I have also been dutifully hacking on PL/Perl6, which embeds Rakudo Perl 6 into your PostgreSQL datbase via PL/Parrot, and just recently merged the plperl6 branch, which adds the first basic support for PL/Perl 6. Here is how it currently works:

  • You must first install a recent version of Parrot and Rakudo Perl 6. I develop with Parrot trunk and Rakudo master because I often need very recent changes/bugfixes
  • You will need a moderately recent version of PostgreSQL. PL/Parrot has been known to work with versions as old as 8.3.8, but I mostly develop on the master branch, so 9.x will probably work best
  • When you type "make install" for Rakudo Perl 6, you will see that it installs a file called "perl6.pbc" into the lib/$version/languages/perl6 directory of the Parrot installation that Rakudo was configured with.

To tell PL/Parrot that you would also like PL/Perl6, you set the environment variable PERL6PBC to the full path of perl6.pbc like so:

export PERL6PBC=/Users/leto/git/rakudo/parrot_install/lib/2.5.0-devel/languages/perl6/perl6.pbc

A PBC file is Parrot bytecode, and the perl6.pbc file basically bundles all of Rakudo Perl 6 into a single file. You can play around with the Rakudo Perl 6 REPL by running:

$ parrot $PERL6PBC

which is pretty much the exact same thing as running the perl6 binary in your $PATH.

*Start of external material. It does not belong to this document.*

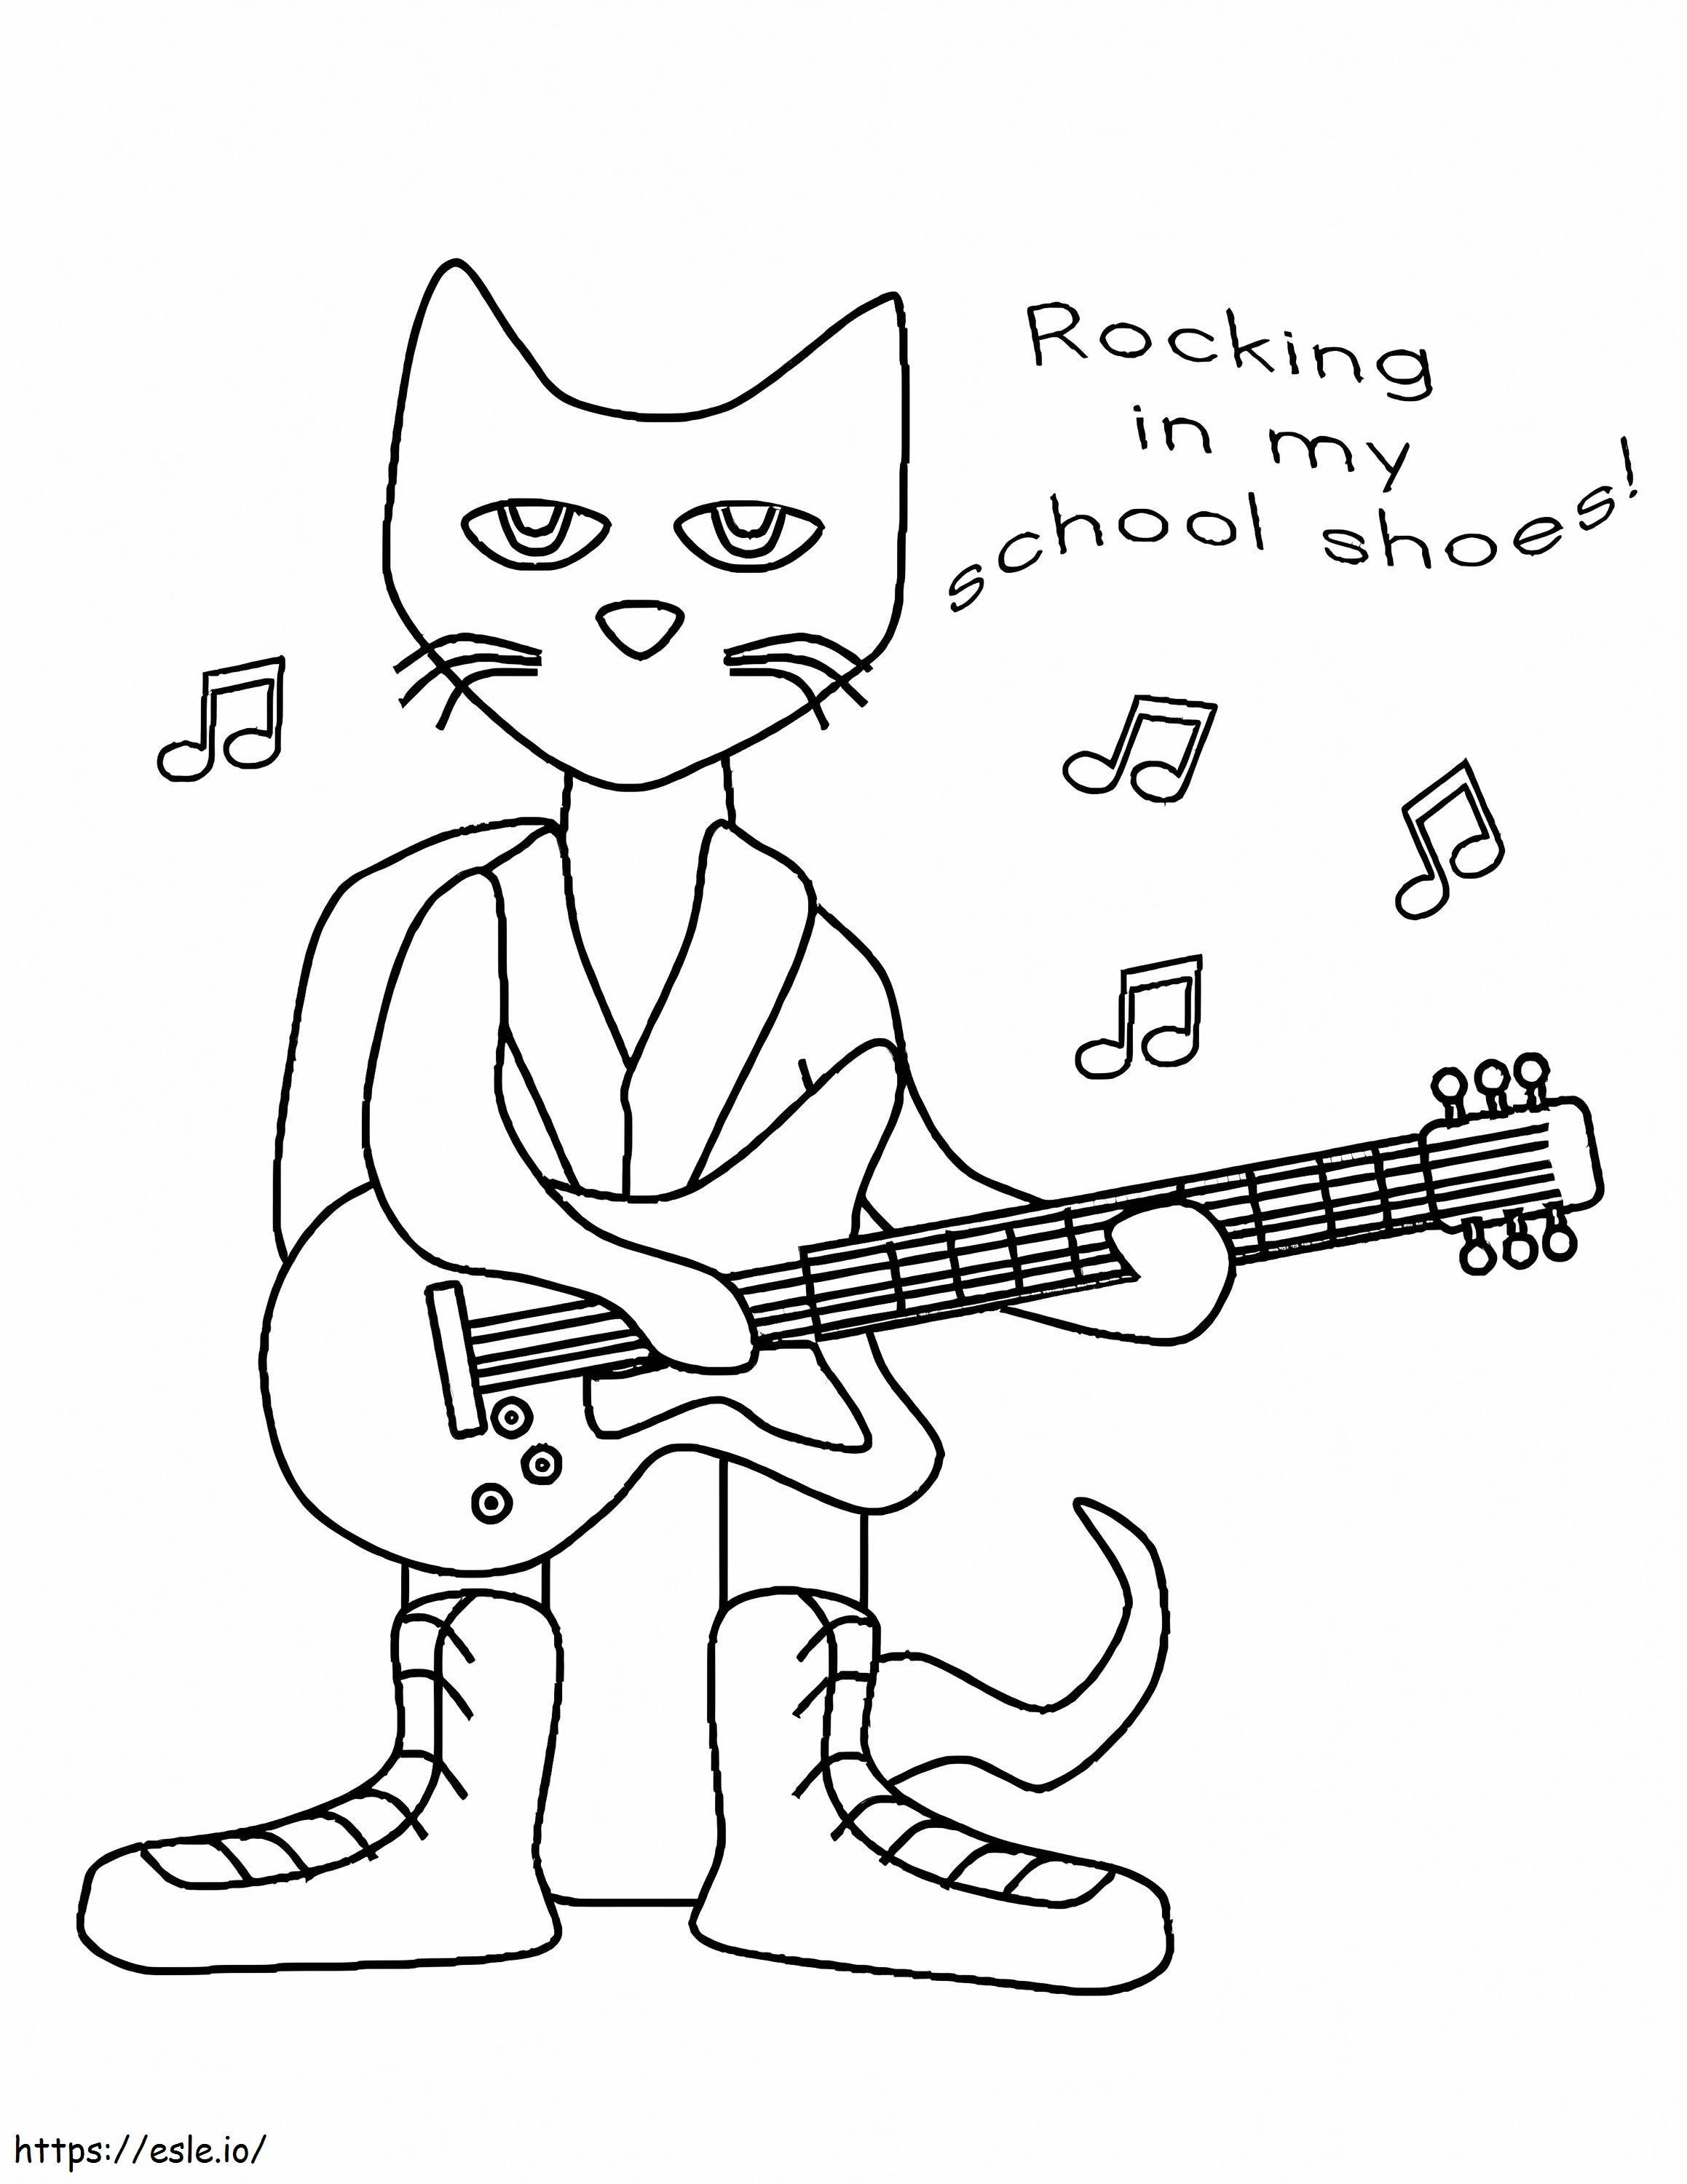 Guitarist Pete The Cat 1 coloring page

When you compile PL/Parrot with the $PERL6PBC environment variable set, it automatically creates a separate Parrot interpreter with the perl6.pbc bytecode loaded, so that Perl 6 code can be executed.

To run PL/Parrot tests, you type "make test". You can also do this the PostgreSQL way with "make installcheck", which will run the tests and verify that the output matches a certain, known output. "make tests" just generates the TAP output.

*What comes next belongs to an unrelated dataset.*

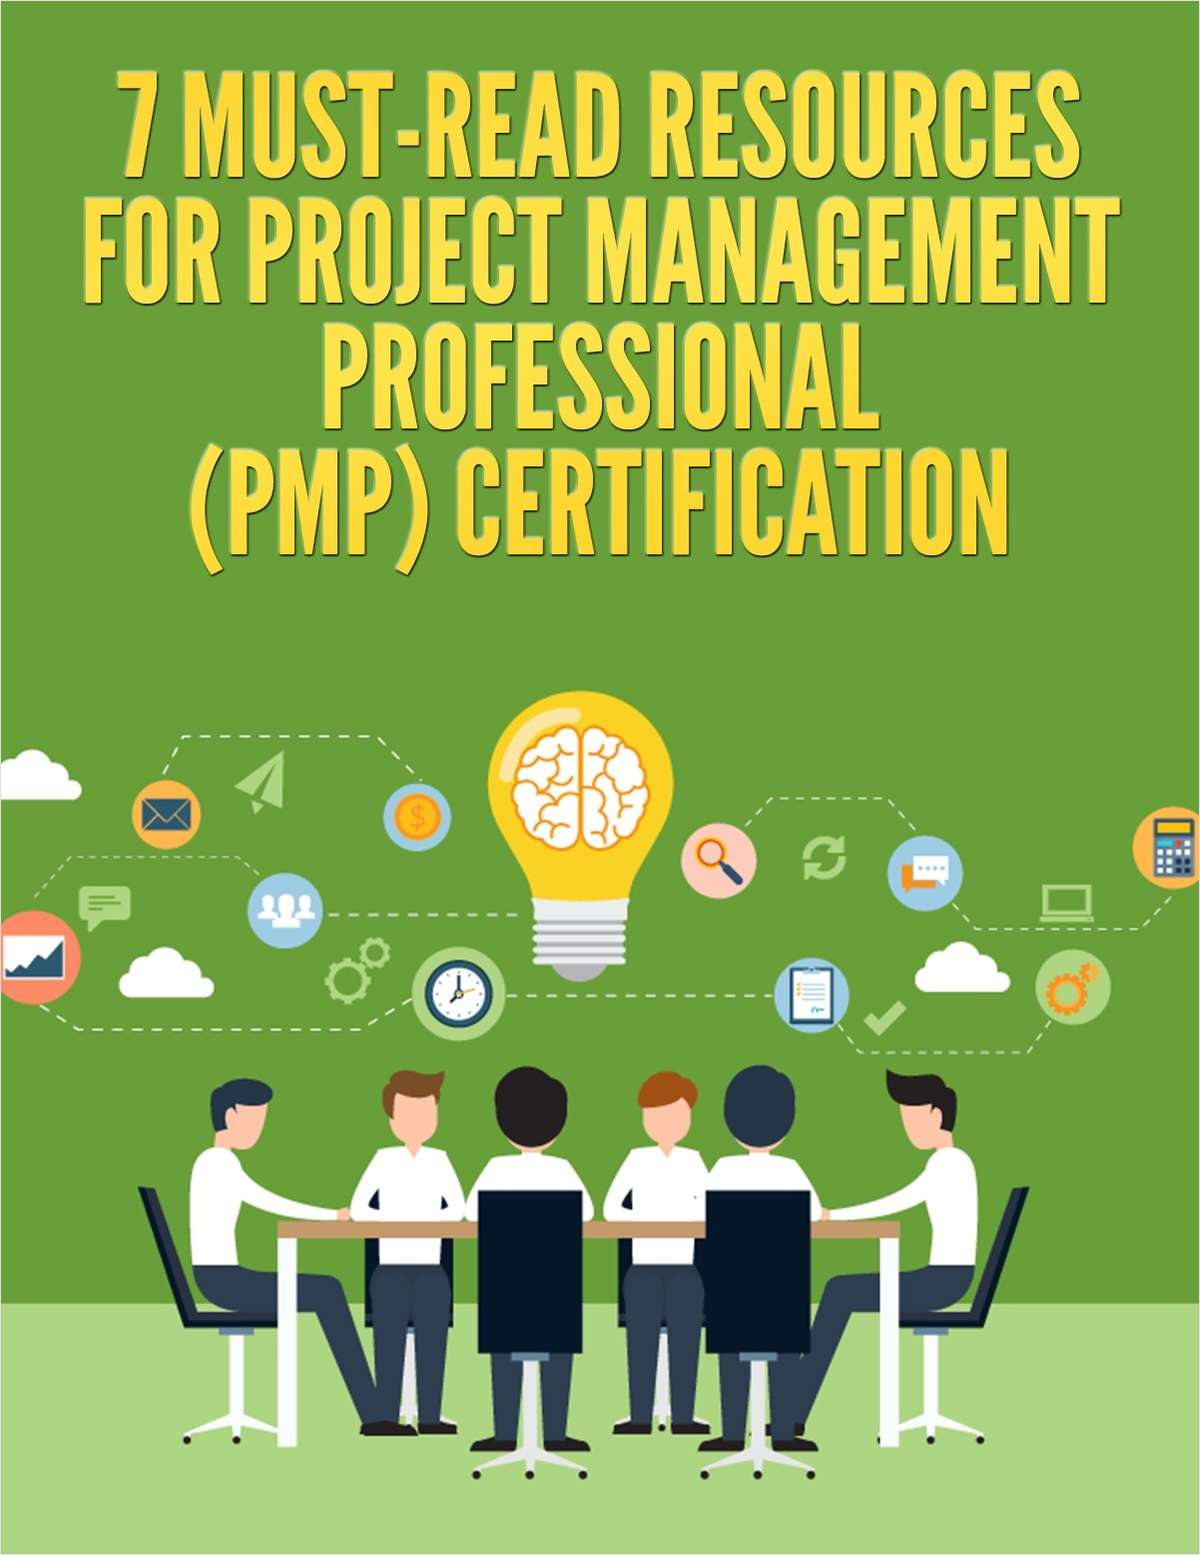 7 Must-Read Resources for Project Management Professional (PMP) Certification

Currently PL/Perl 6 tests are not run by default, they have their own Makefile target: test_plperl6 This is what the output of "make test_plperl6" looks like currently, on commit 44a985f123 of the perl6_args branch.

We run a total of 9 tests, 6 of which correctly run Perl 6 code and pass. You will notice that all the failing tests are relating to passing arguments into Rakudo from PostgreSQL, which is what I am currently trying to get to work. Currently I am passing a Parrot ResizablePMCArray of the arguments to a Rakudo function and executing it, but the function can't seem to see it. My guess is that Rakudo wants native datatypes and not Parrot datatypes. If you know how to create Rakudo datatypes from PIR, please let me know :) I promise you will -Ofun.

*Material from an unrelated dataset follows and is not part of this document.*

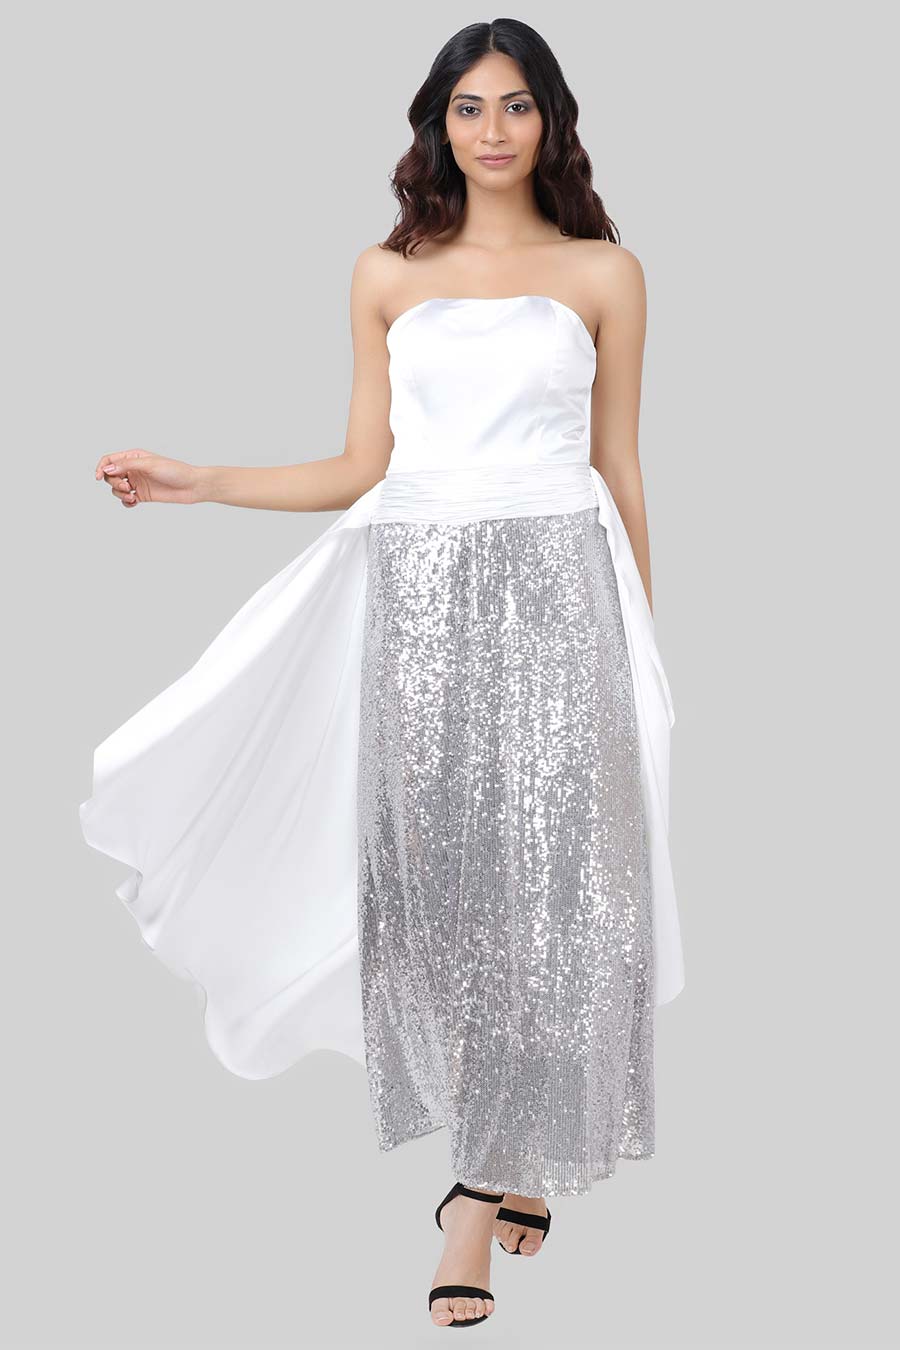 Pearl White Sequin Gown Dress

What does PL/Perl 6 look like? Here is a nice example of a PL/Perl6 function which calculates the sum of all Fibonacci numbers <= 100:

CREATE FUNCTION test_fibonacci_plperl6(integer) RETURNS int LANGUAGE plperl6 AS $$
[+] (1, 1, *+* ... 100)
$$;

You will notice three spiffy new Perl 6 operators in there, the summation operator [+], the new range operator ... (which used to be .. in Perl 5), and the *+* operator. What exactly is the *+* operator? pmichaud++ jokingly referred to it as the "cheerleading plus", but it is actually just a plain old infix "+" operator, sandwiched by two "*" (a.k.a Whatever) operands. It basically takes the previous two elements in a list, sums them together and returns the sum, which is exactly how the Fibonacci sequence is defined.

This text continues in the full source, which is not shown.